Identify Important Metrics
When it comes to forecasting renewals, there are three main metrics businesses should keep their eyes on:
- Churn Rate: Also known as the Attrition Rate, this metric lets you know how many customers are canceling your service every month. By tracking your churn rate, you can find out how long on average customers stay with your service and then use that information to reduce churn.
- Annual/Monthly Recurring Revenue (ARR/MRR): Your ARR/MRR allows you to gauge how your business is performing. By measuring your ARR/MRR rate over a period of time, you can begin to forecast your renewal rate.
- Customer Lifetime Value (CLV): By calculating what each customer is worth to your business, you can figure out the true cost of acquiring a new customer vs. keeping an existing one.
Couple these with other important metrics such as On-Time Renewal Rates, Resolution Rates, and Close Rates, and you’ll have a good idea of what to look out for when forecasting renewals.
Centralize Renewals for Accurate Forecasting
In order to accurately forecast renewals, you need to have an up-to-date view of your business, whether that’s from an executive-level or a microscopic look at the granular details of individual renewals. This bird’s eye view can then be used to reduce churn risk scenarios, making it possible for your renewal team to immediately engage with customers in real-time.
Centralizing your renewal system also increases efficiency. Instead of wasting time generating reports, your team can simply log on and get an immediate view of where a renewal stands.
Your managers and reps can then utilize in-line editing to make changes to renewals in real-time. Using a centralized renewal system, you can create and maintain data cleanliness standards, making it easier for your team to highlight and correct for missed opportunities.
Sound interesting? Demo our renewal management system and see what a centralized system can do for you. ;)
Analyze Your Business for Risk
Nick Mehta said it best: churn is like gravity. If something goes up, you’ve got to fight to keep it from coming down.
Nowadays new options are just a click away, which means you have to work to re-earn your customer’s business every. Single. Day. For renewal teams, this means that proactive measures need to be taken to minimize risk.
Risk manifests in different ways in different businesses but it affects everyone the same.

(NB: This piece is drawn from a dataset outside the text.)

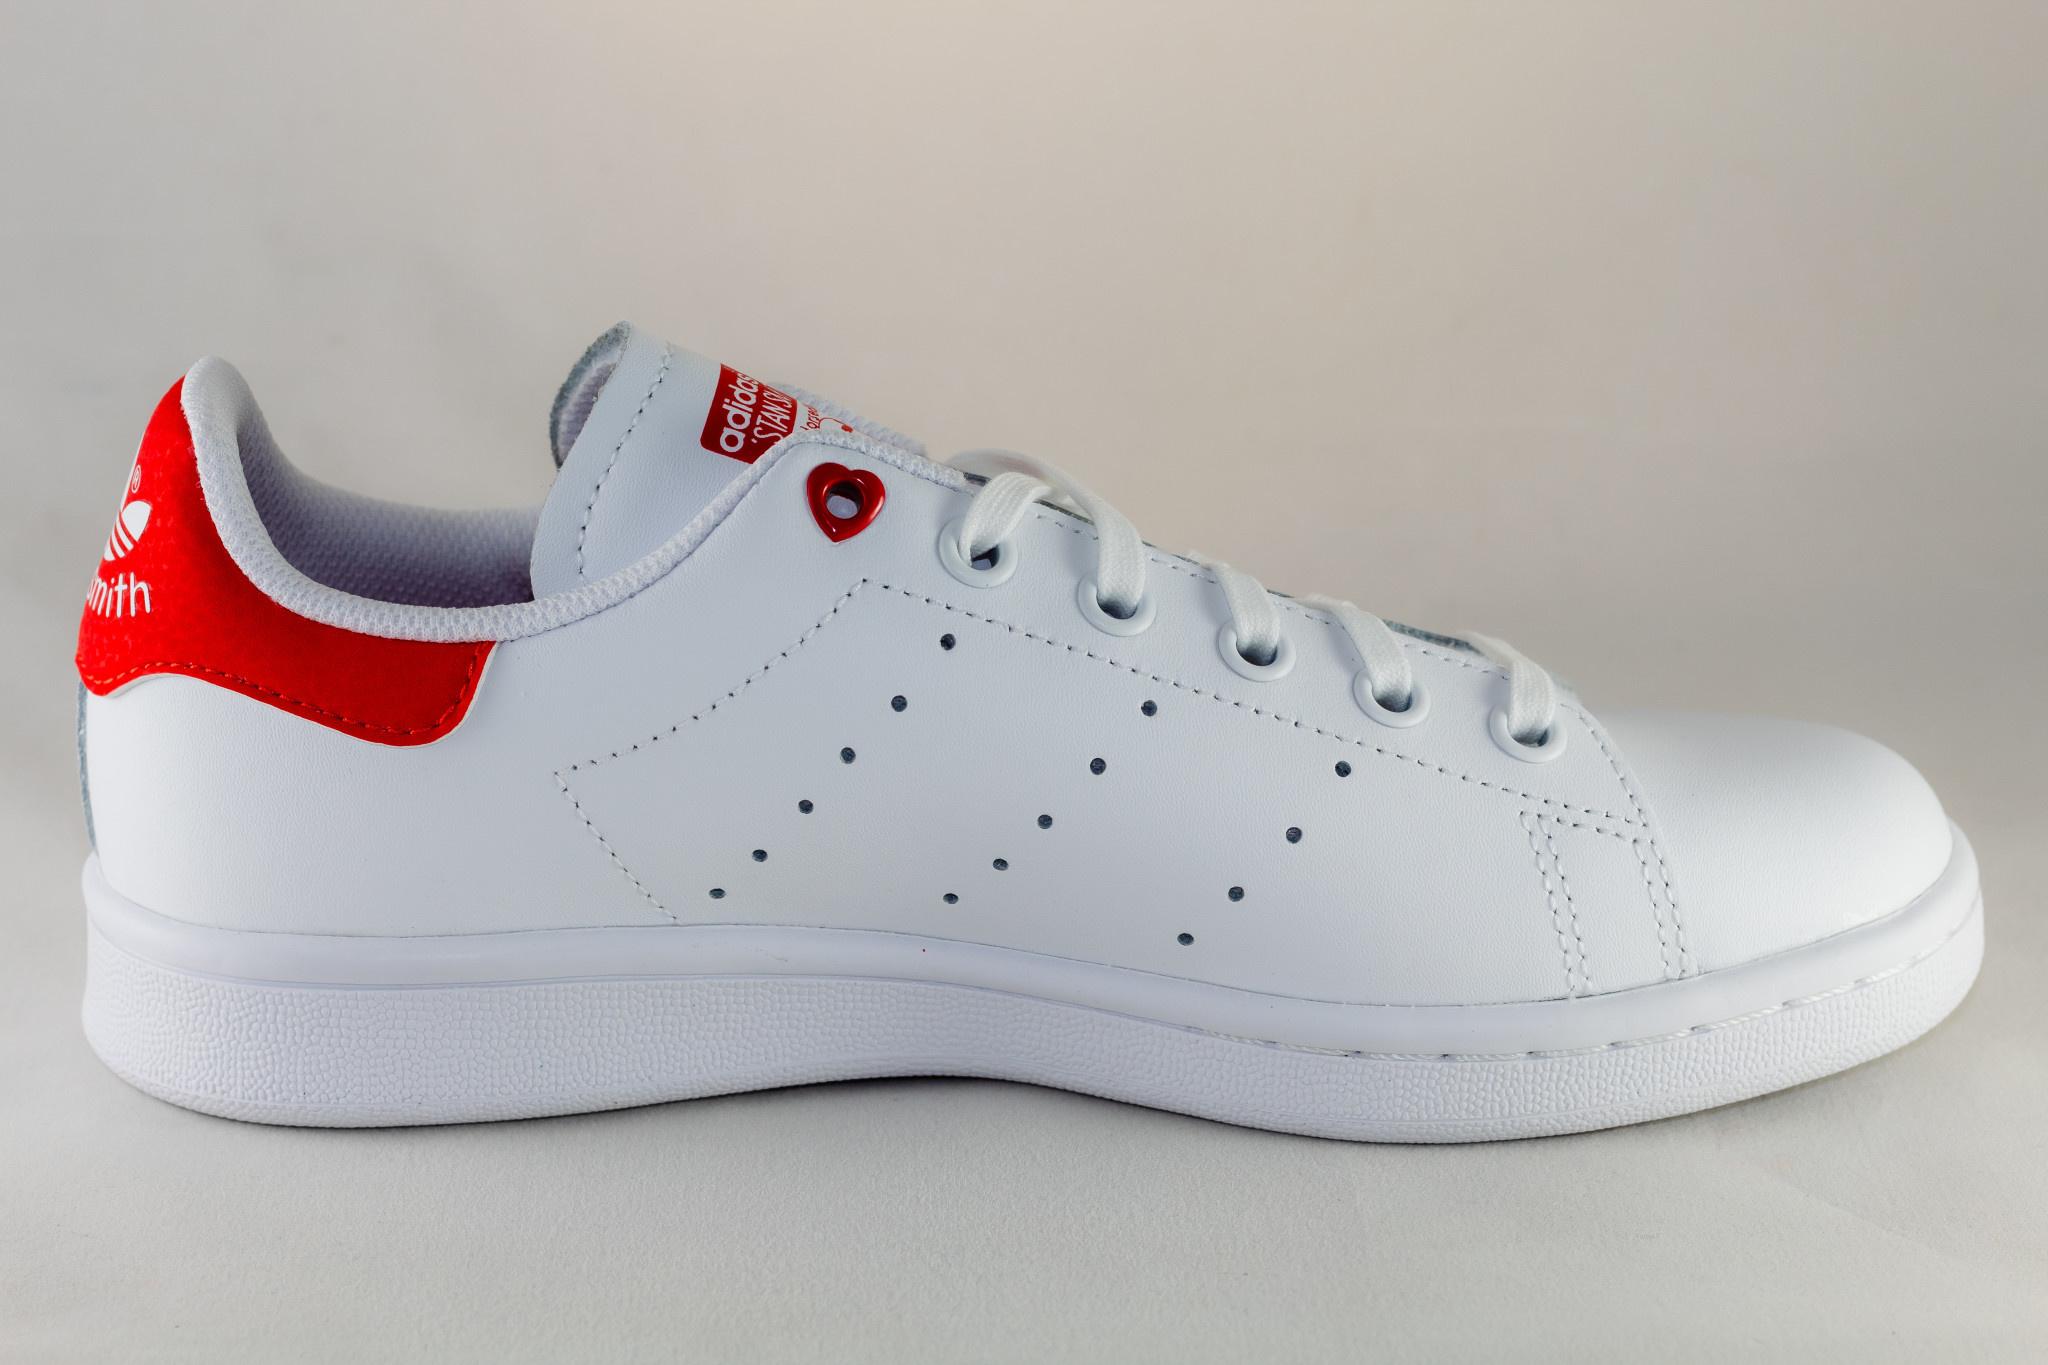 Adidas J ADIDAS STAN SMITH Ftwwht/ Ftwwht/ Actred

In order to protect your growth and reduce churn, analyzing your business for risk should be at the forefront of your renewal forecast process.
Common factors that can cause at-risk renewals to be recognized too late include:
- Difficulties in updating opportunities at scale
- A limited view of key renewal metrics
- Difficulties in building accurate forecasts
A good renewal system will help analyze these retention metrics as well as other customer attributes to help you visualize forecasts by booking type as well as contributors to churn. This will in turn give you a clear and thorough display of all renewals as well as a deeper understanding of what causes them.

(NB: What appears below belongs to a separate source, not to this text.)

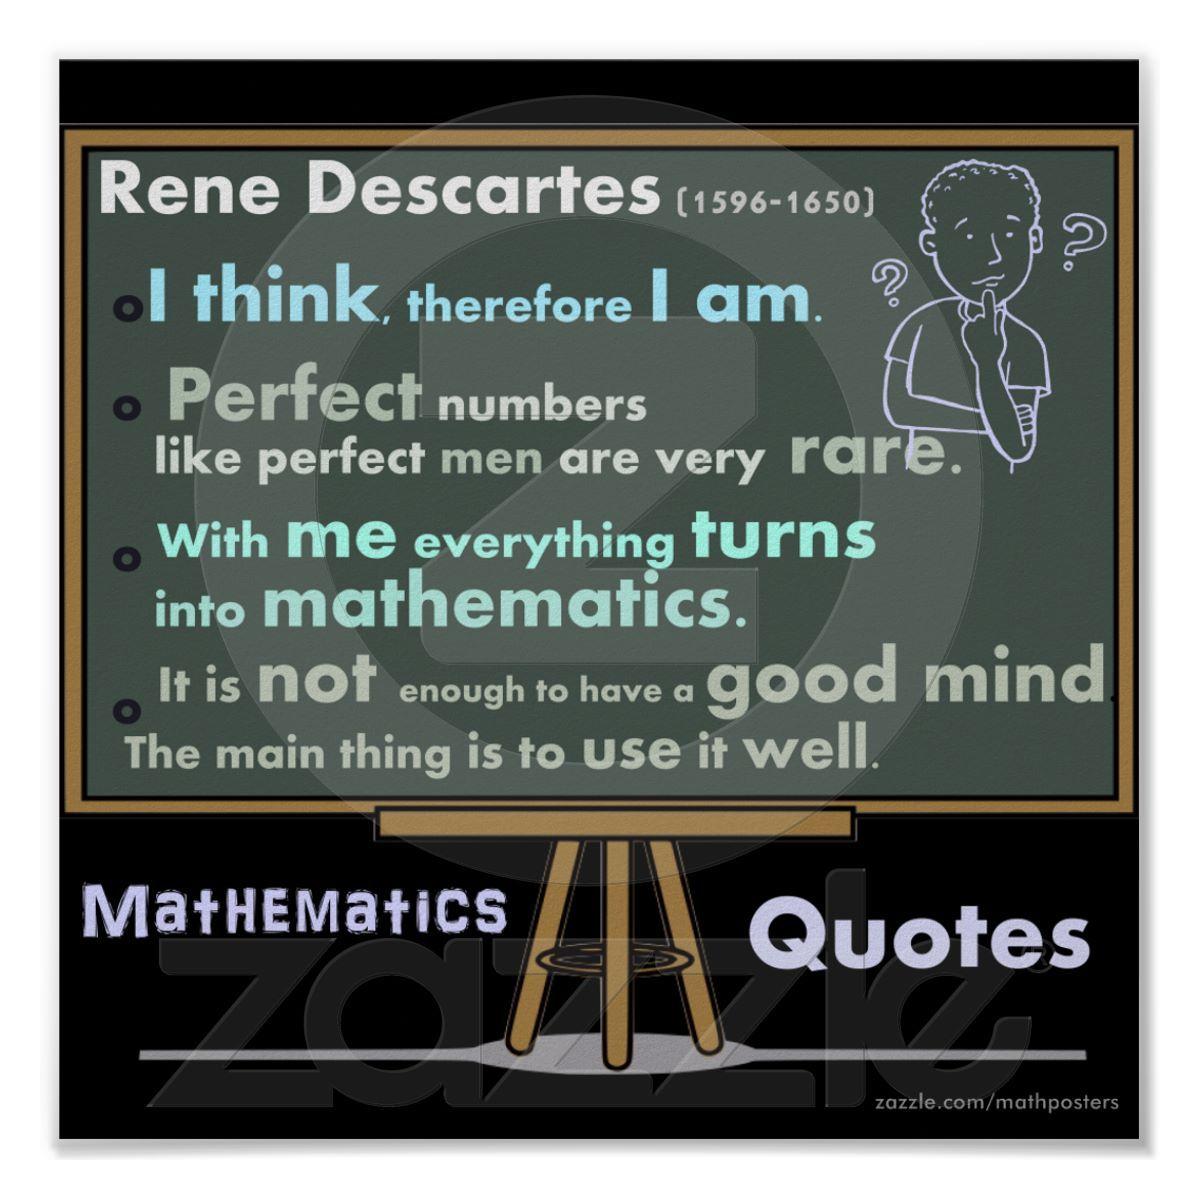 Rene Descartes Mathematics Posters Quotes from Zazzle.com ...

In addition, having a renewal system can help visualize the impact of how the shifting likelihood of individual renewals impacts overall retention. From there you can preemptively address these factors to mitigate at-risk situations entirely.
Forecasting Renewals Comes Down to Data
Companies with top-performing retention rates understand that it all comes down to data and how it’s processed. These companies have sophisticated early warning systems, real-time understanding of their business, and the ability to perform these functions at scale.
It’s not enough to have an ace team anymore. Even the best renewal teams can fall victim to high churn rates without the appropriate technology. It’s simply too large of a job for humans to do at scale and takes away from what your renewal team should actually be doing—driving desirable customer outcomes.
The solution: a complete renewal management system. Utilizing machine learning can save your renewal team significant time and effort recognizing at-risk renewals. In the era of Saas, that’s something businesses can’t afford to fall behind on.